I really wanted to find room for _Atom Heart Mother_ but that's the way it goes.


----------



## starthrower (Dec 11, 2010)

Shine On You Crazy Diamond
Dogs
Us And Them
Great Gig In The Sky
Money
Time
Hey You
Goodbye Blue Sky
Mother


----------



## NoCoPilot (Nov 9, 2020)




----------



## HenryPenfold (Apr 29, 2018)

Was lucky enough to see Floyd in concert twice, once in the late 1970s and once in the late 1980s, ten years apart. 

In strict order of merit:

1. The Great Gig In The Sky
2. Money
3. Time
4. Us & Them
5 One Of These Days
6. Echoes 
7. Shine On You Crazy Diamond
8. Wish You Were Here
9. Welcome to The Machine
10. Dogs
11. Pigs
12. Sheep
13. In The Flesh
14. The Thin Ice
15. Hey You
16. Not Now John


----------



## Malx (Jun 18, 2017)

Ok, I'll have a bash at this - although I'm not really a fan of ranking as my likes vary depending on the day but these are the tracks/albums I'd most likely grab if the house was on fire.

Tracks in alphabetical order.

A Pillow of Winds
A Saucerful of Secrets
Atom Heart Mother
Echoes
Free Four
If
Julia Dream
Remember a Day
Shine on You Crazy Diamond
Us and Them

Albums in alphabetical order.

Atom Heart Mother
Dark Side Of The Moon
Meddle
Relics
Ummagumma (primarily for the first LP & Grantchester Meadows.

I lost a bit of interest after Wish You Were Here, Animals was decent enough but The Wall was a concept too far for me.


----------



## senza sordino (Oct 20, 2013)

I listened to a lot of Pink Floyd in my youth.
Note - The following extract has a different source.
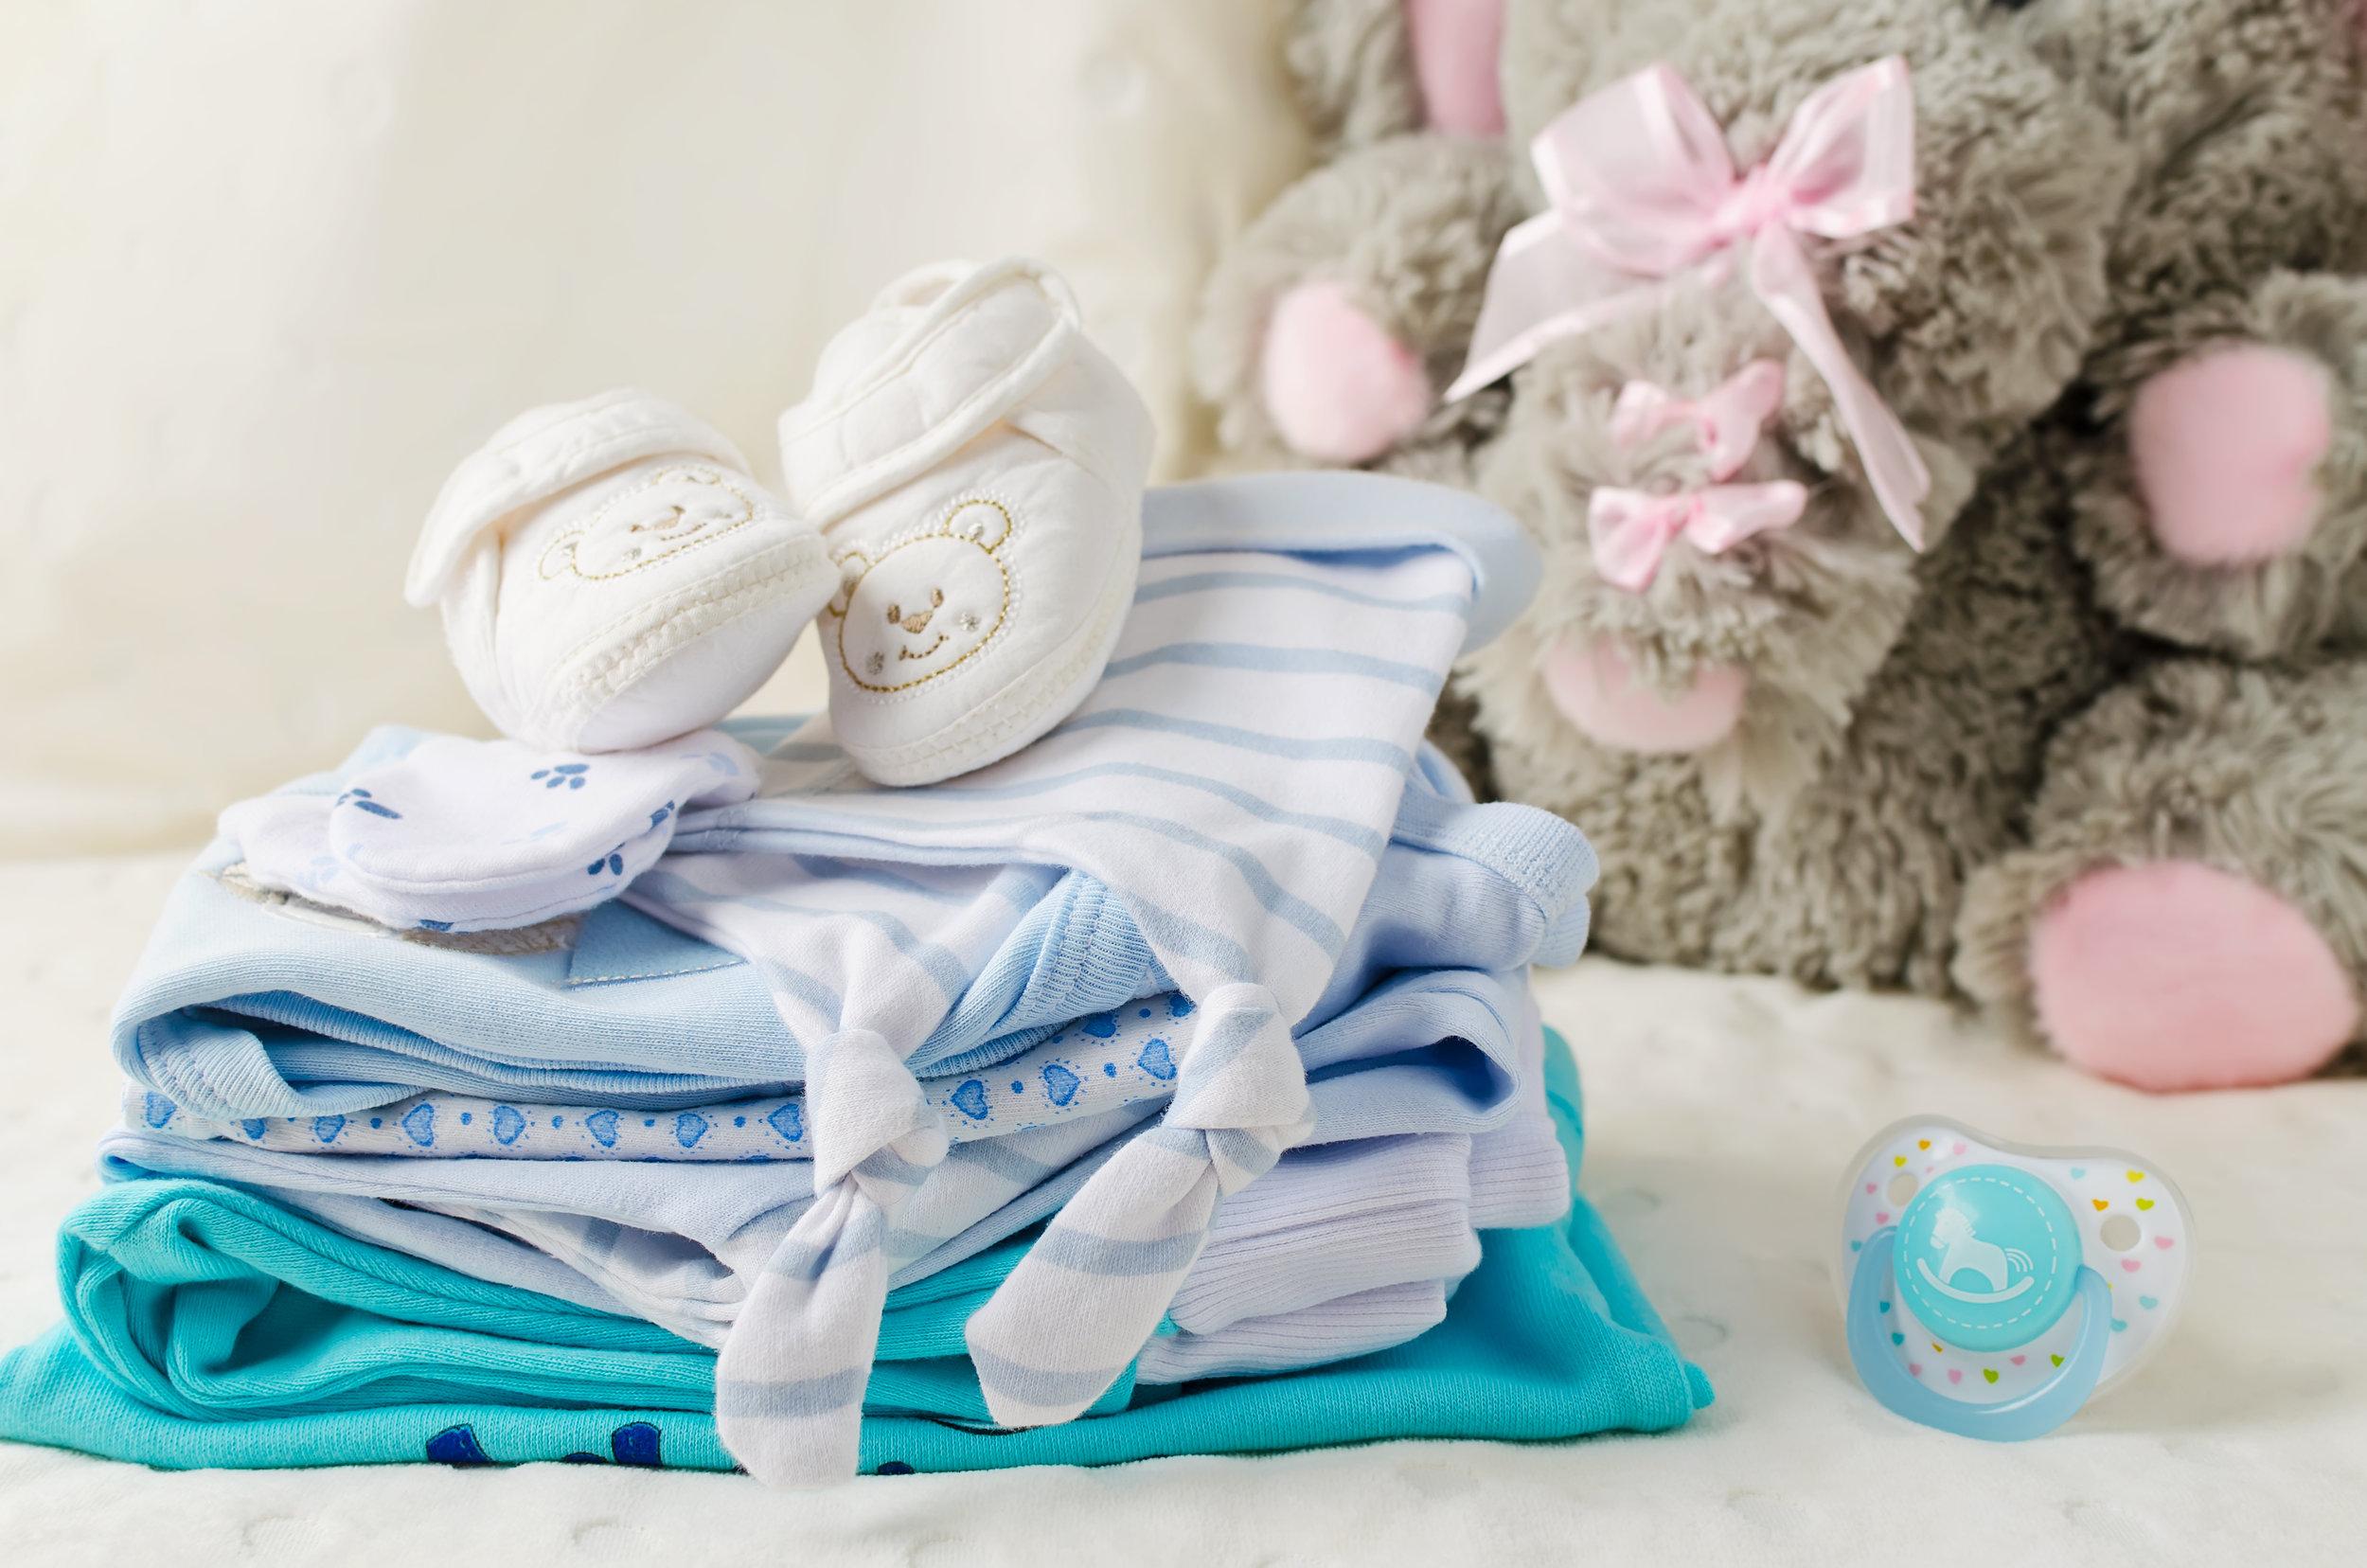 Diaper bag checkist -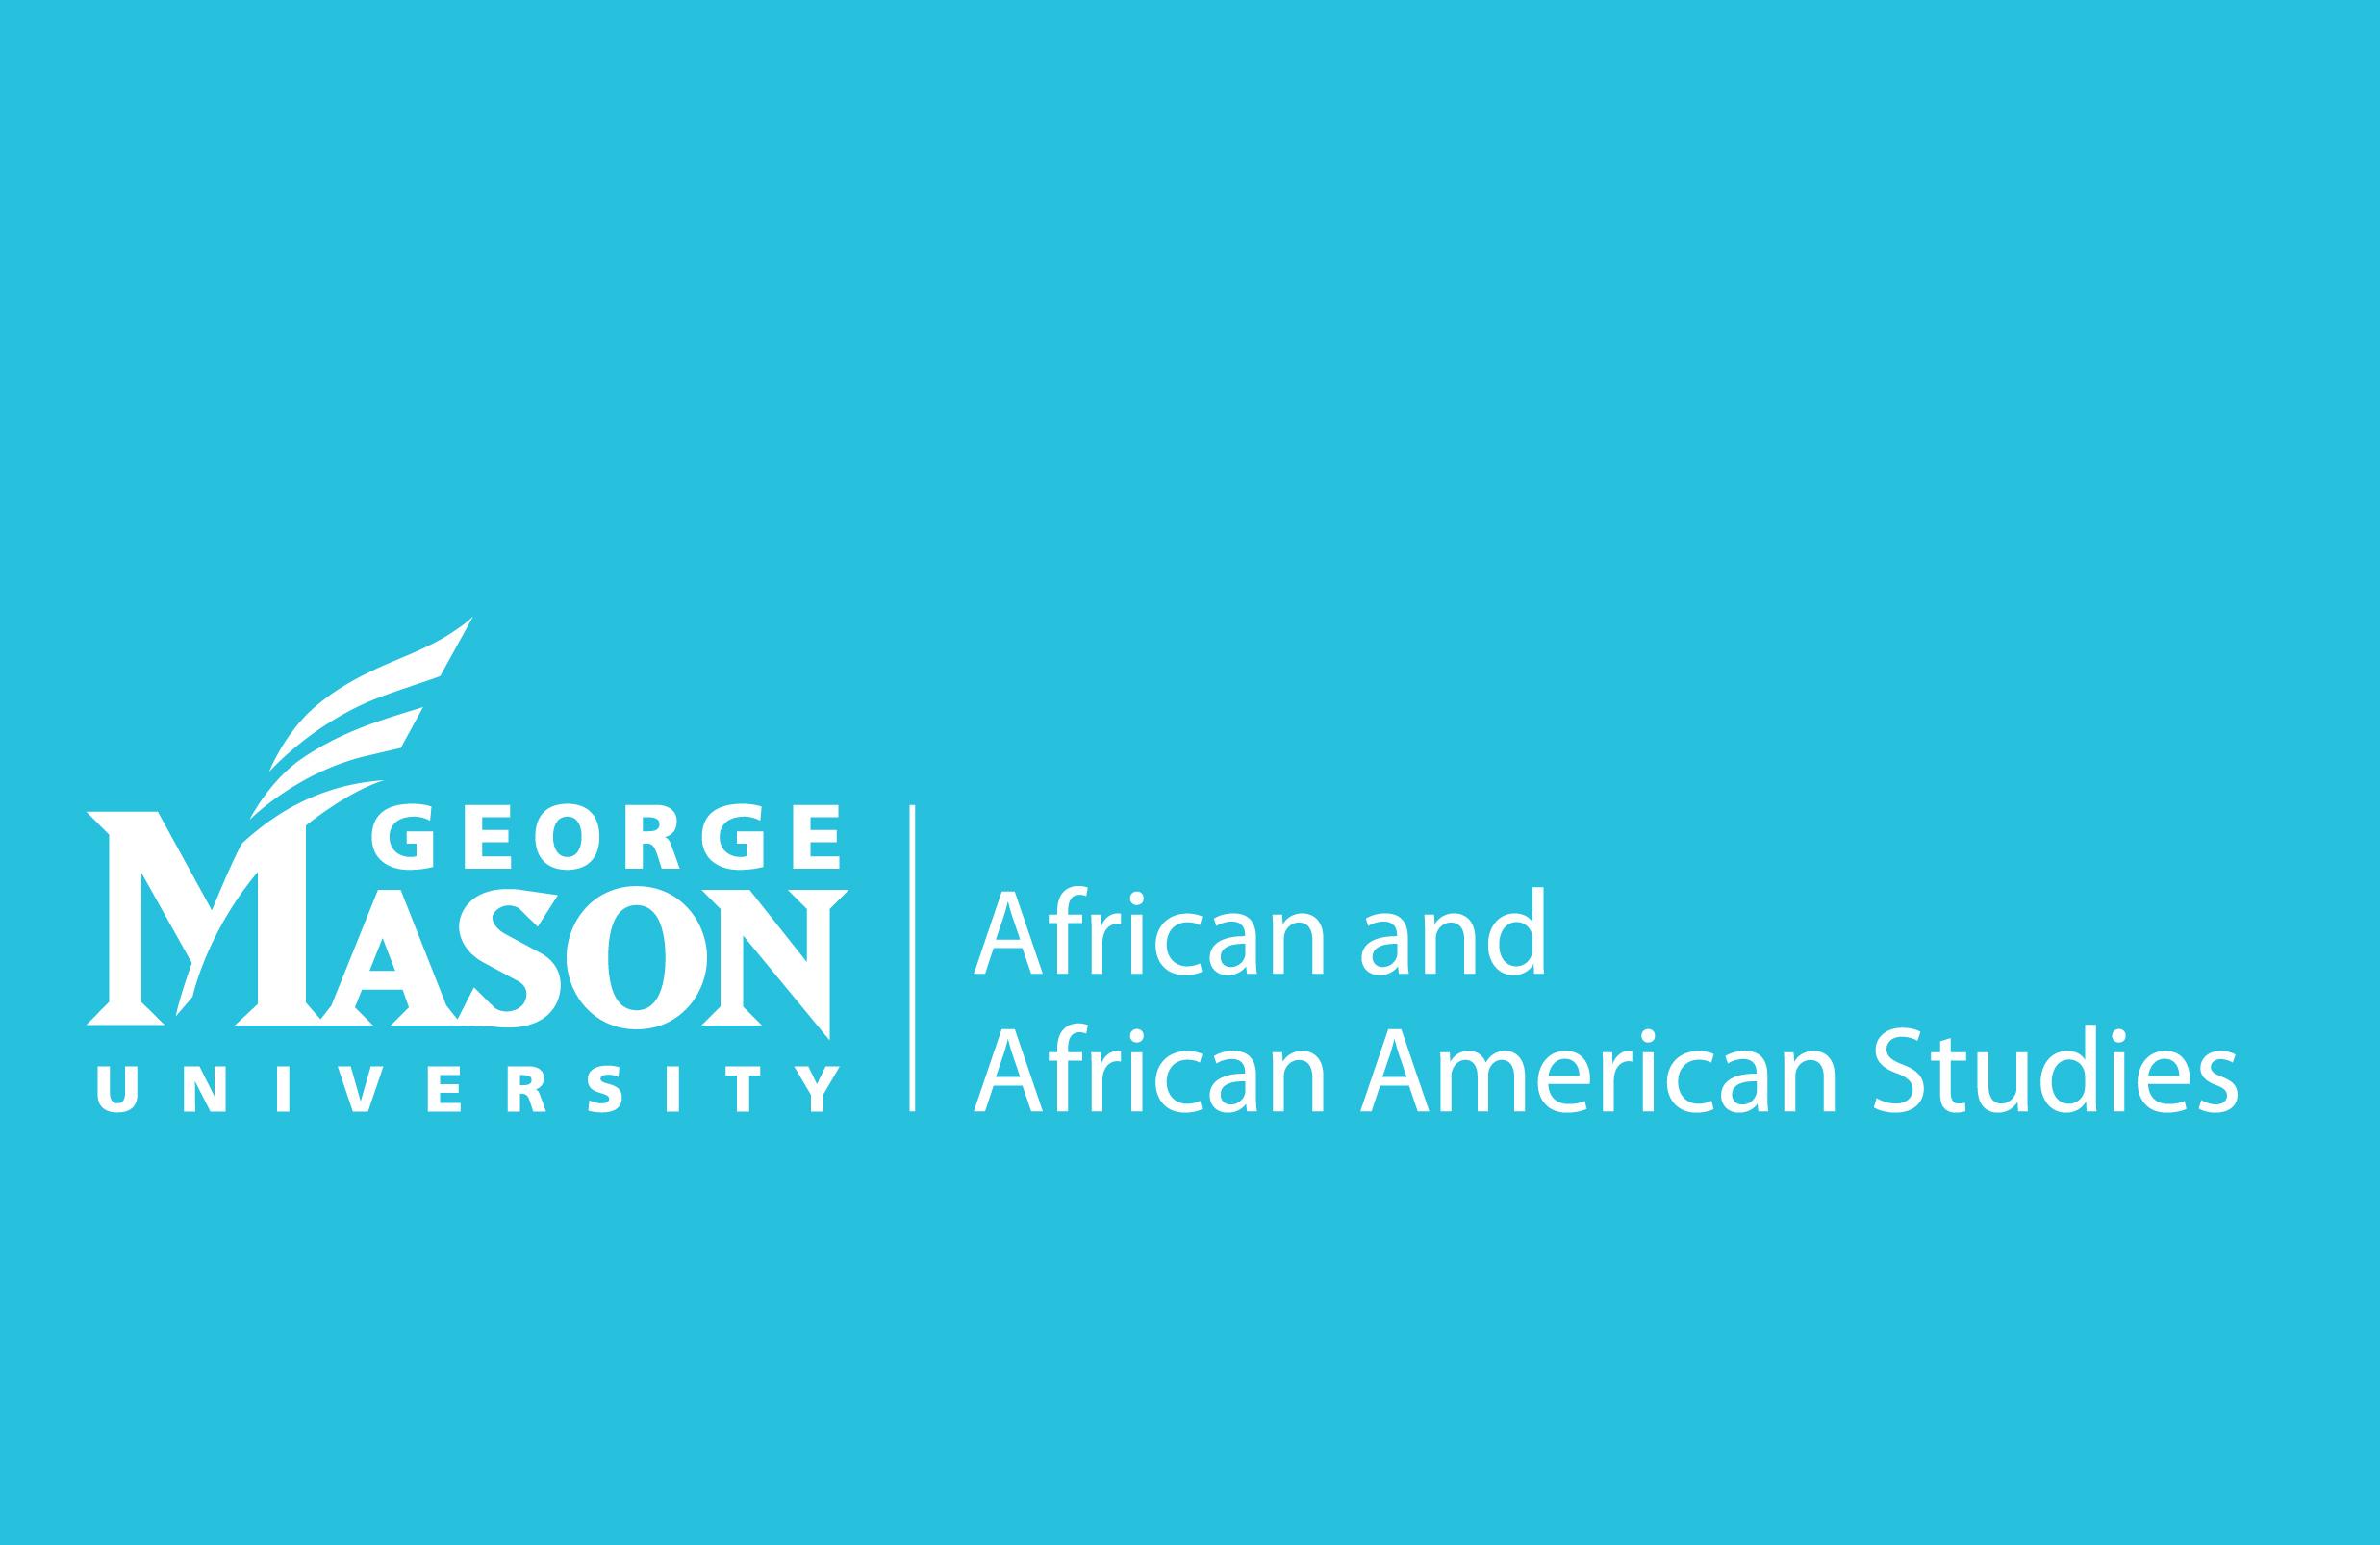 George Mason University Logo At george mason university University Logo Vector

I still listen, if you follow my non-classical listening posts. I don't think I'll ever tire of Pink Floyd. 


See Emily Play
Biding my Time
Echoes
Time
Money
Us and Them
Shine on You Crazy Diamond
Wish You Were Here
Dogs
Sheep
Comfortably Numb
Keep Talking


Piper at the Gates of Dawn
Meddle
Dark Side of the Moon
Wish You Were Here
Animals
The Wall


----------



## pianozach (May 21, 2018)

*Top 10 favorite Pink Floyd songs in length of title order
*
Seamus
Fat Old Sun
A Pillow of Winds
Atom Heart Mother
Wish You Were Here
Speak To Me/Breathe
The Great Gig In the Sky
Alan's Psychedelic Breakfast
Shine On You Crazy Diamond
Several Species of Small Furry Animals Gathered Together in a Cave and Grooving with a Pict

Honorable Mentions: Time, Comfortably Numb, Money (live)

*Top 5 PF albums; ranked*

1. Wish You Were Here
2. Dark Side Of the Moon
3. Atom Heart Mother
4. Meddle
5. Animals


----------



## golfer72 (Jan 27, 2018)

Mother, Comfortably Numb, Shine on


----------